After 30 years of anticipation and planning, these last few weeks are moving incredibly fast… like a snail. There always feels like there is still so much to do, and I have plenty of time to do it, but then I’m another week closer and I’ve lost that whole week of getting things done. Of course, this is nothing new. I will feel completely unprepared until I step foot on the trail, and after about fifteen minutes will know without a doubt I’ve got everything I need and all I need to do is place one foot in front of the other for one more breath. I’ve been doing this a while, I know the drill.
But as the years pass, I’ve noticed the effects of strenuous physical activity more and more. In my 20s I could hike all day and just get up and do it again the next day. In my 30s, I began to notice I would begin to stiffen up a bit if I didn’t do a little stretching after I hiked. By my 40s I was needing a few minutes of warm-up and stretching before and after. Now, as I move into my early 50s, I’m finding the need to warm up and limber up becomes mandatory.
In my mid 3os while running the Philadelphia marathon, I sustained a pretty rough injury. Around mile 21 my IT band seized and I could barely straighten my leg. I stupidly completed the marathon, run-walking the final 5 miles. After that, I found even six months later I couldn’t run more than a 3k without feeling pain. So I turned to yoga as my primary exercise and over the next couple years made it a daily practice, which has ultimately healed my injury and allowed me to return to long runs and extensive hiking. A few years ago I went through some formal training and have even begun to teach some community classes in Newark, NJ.
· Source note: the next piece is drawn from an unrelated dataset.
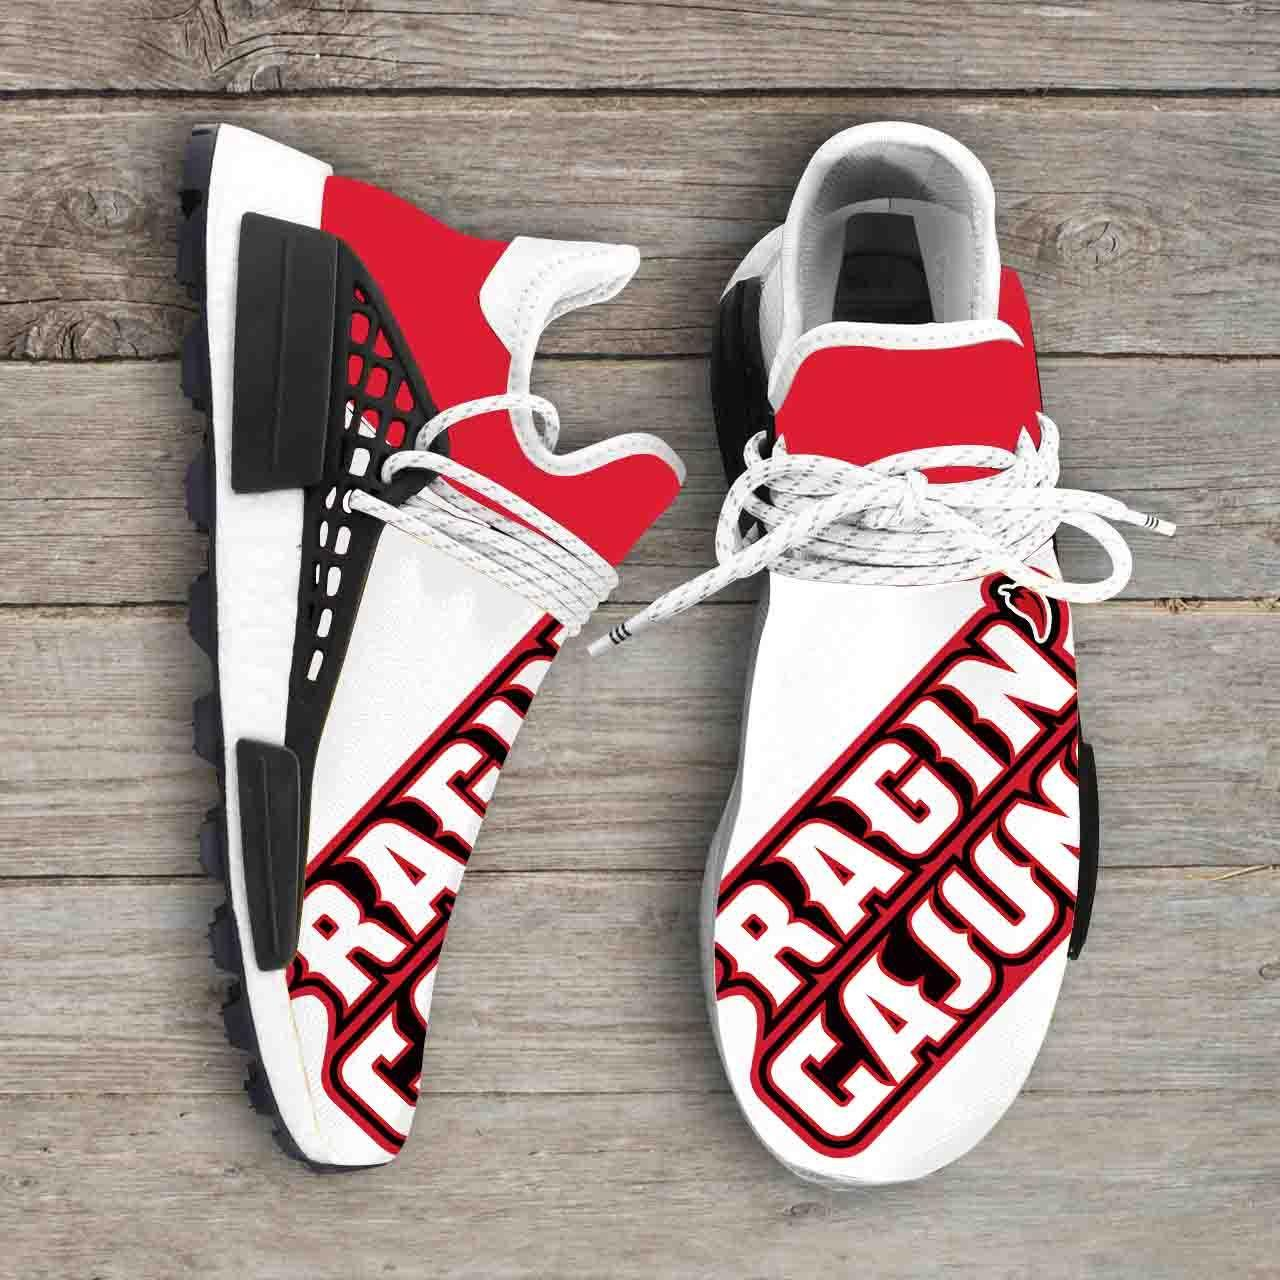 Louisiana Ragin Cajuns Ncaa NMD Human Shoes

Most days now I wake up feeling pretty stiff. My body doesn’t feel as naturally limber and easy to move about as it once did. But I find if I just give myself twenty minutes of yoga to warm up and start my day with, my entire day feels physically better. If I finish my day with another twenty minutes, I sleep better and wake up the next morning feeling more energized, which leaves me more likely to do morning yoga. So this is something I really want to maintain as I hike.
I foresee a few challenges with maintaining a regular yoga practice on the trail. The first is that mornings will be hard at the beginning. I anticipate cold mornings, rainy mornings, and full lean-tos, which aren’t really conducive to a morning yoga and meditation practice. Even if it’s just cold I can do some warm up, but rain makes it pretty miserable. I am packing the zpacks duplex so it’s possible to do a touch of warm up yoga before getting out of the tent, but if this is the case I’m probably going to have to rely a bit more on my lunch break and evening stop.
I’ve found lunch is a great time for some stretching. I’ve already warmed up my muscles from a bit of walking and I’m ready for the break. Also, I tend to do my hot meal at lunchtime. My habit is to break camp pretty quick in the morning with a light snack, hike a few hours until I find a good water source, and then eat my hot meal. So that break while I wait for my food to rehydrate is a great opportunity for a brief practice before I eat and get back on the trail.
Having the discipline to yoga in the evenings may be hard as I’m a very social creature. There is something about rolling into camp and chatting with folks and getting engaged in conversation and the like and not taking the time to break and turn inward. On the other hand, as an instructor, this could also become an opportunity to expand some other peoples practices and for more of us to stay limber and avoid injury.
The final challenge is how much of my day am I going to dedicate to non-hiking fitness activities on the trail. I’ve known enough through hikers to know you tend to get in the rhythm of hiking all day, and everything else is eating and sleeping. That said, I think an hour a day of practicing my spiritual maintenance which also contributes to my ability to keep going physically is a reasonable amount of time to spend. I view this in the same light as I do my meditation practice. For all the time I spend on the mat or on the cushion, I get that time back in mental efficiency, physical ability, and simple presence.